Эти изыскания забрали меня в свой пленительный рай без остатка. Слава Богу, я имел опыт научной работы в сибирском Академгородке, моя исследовательская работа включала в себя все вместе: потуги изобретателя-конструктора, когда из подручного «хлама» я собирал действующую установку, а также — ученого экспериментатора, ставящего опыты и специалиста-аналитика, подводящего теоретическую базу с формулами, графиками и «картинками». Опыт младшего научного сотрудника, приобретенный в далеком научном центре, пригодилась как нельзя кстати. Надо было только окружить себя тишиной и тайной.
Для себя я открыл, что на момент смерти Моцарта о нем накопилась масса документального материала и беллетристики: рукописные партитуры как опубликованных, так и не опубликованных при жизни композитора произведений. Были обнаружены также бумаги, которые Вольфганг тщательно схоронил от чьих-либо взглядов. Тогда композитор был уверен, что человек должен изо всех сил противостоять внутренним побуждениям, и что для него, Моцарта, искусство есть единственное средство борьбы с отчаянием, печалью и пошлостью.
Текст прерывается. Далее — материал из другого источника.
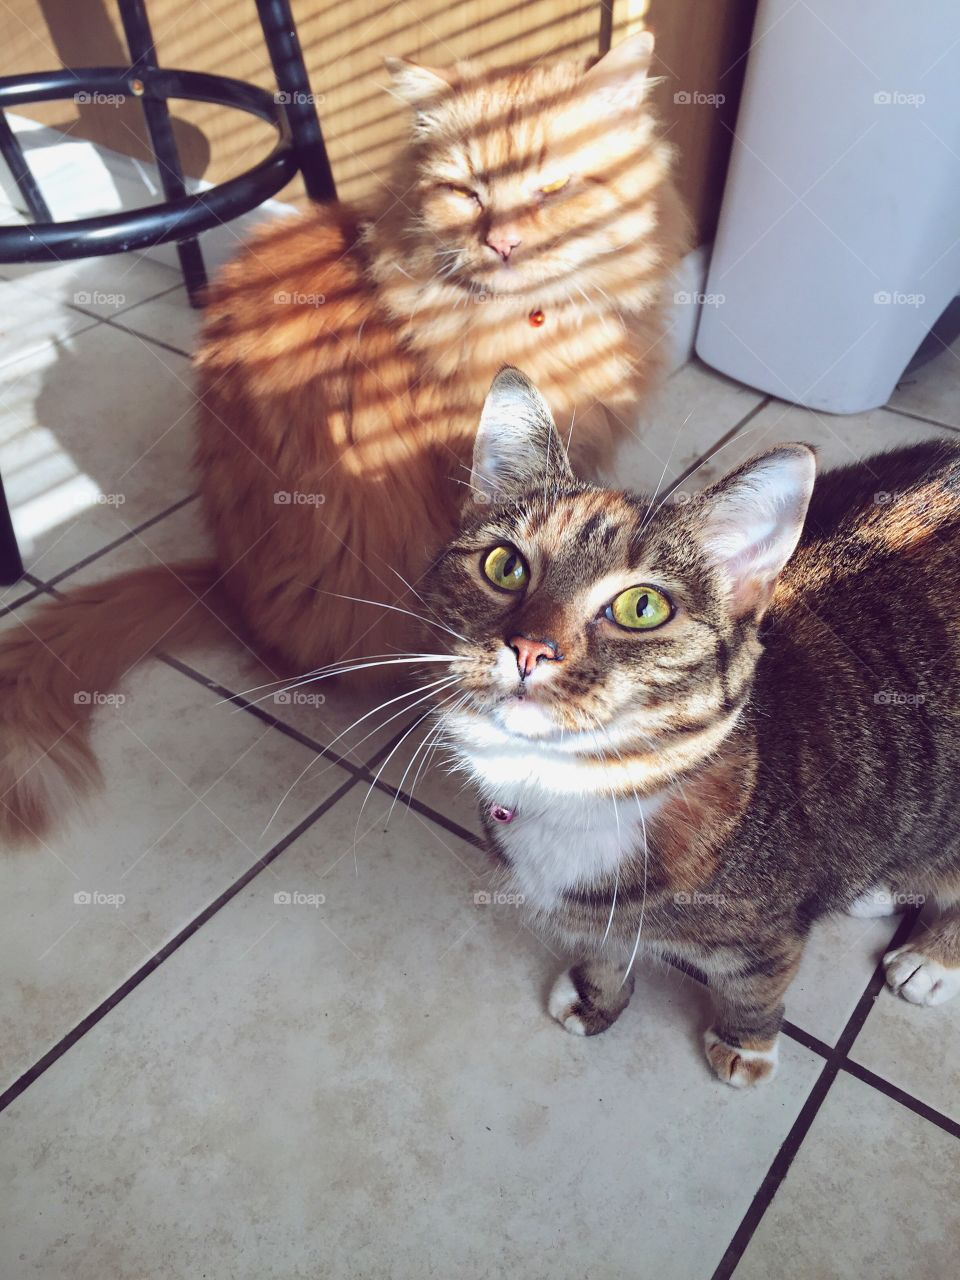 Cat, Domestic, Pet, Mammal, Cute

В ходе работы с источниками, я установил, что действительно в Вене жил и работал известный венский историк музыки профессор Гвидо Адлер, которого знали все тамошние столичные подмостки. Баронесса Вера Лурье перевела с немецкого именно его послания к русскому композитору Борису Асафьеву, с которым он много раз встречался в Вене, а тема Моцарт и Сальери была у них лейтмотивной. Гвидо Адлер жил и умер в Вене в 1941 году. Ничего об его архиве нам неизвестно, причем, все самое ценное — документы, дневники и прочие бумаги — все кануло в небытие.
Я поспешил познакомиться с книгой, написанной профессором Гвидо Адлером. Факты, почерпнутые из нее, ни в коей мере не противоречили тому, что были изложены в тексте его депеш, полученных от Веры Лурье. Однако личностное начало Гвидо Адлера в книге было выражено не столь ярко, как в его письмах к Борису Асафьеву. Но это и вполне естественно: письма они и есть письма, — им много доверяется.
Я просеял через себя целый Монблан научной и другой литературы о Моцарте: его многочисленные биографии, а также документы и художественные произведения о композиторе. Казалось бы, я должен был приблизиться к постижению сути — кем был настоящий Вольфганг Амадей Моцарт? Но вместо этого я уходил от истины куда-то в сторону, все глубже погружаясь в иллюзорный мир версий, миражей или откровенной лжи. У меня возникло чувство, будто я оказался на подмостках театра абсурда, где вершится колдовское действо искусства, но с обратным знаком: труппа и технический персонал делает все, чтобы пьесу автора показать в кривом зеркале.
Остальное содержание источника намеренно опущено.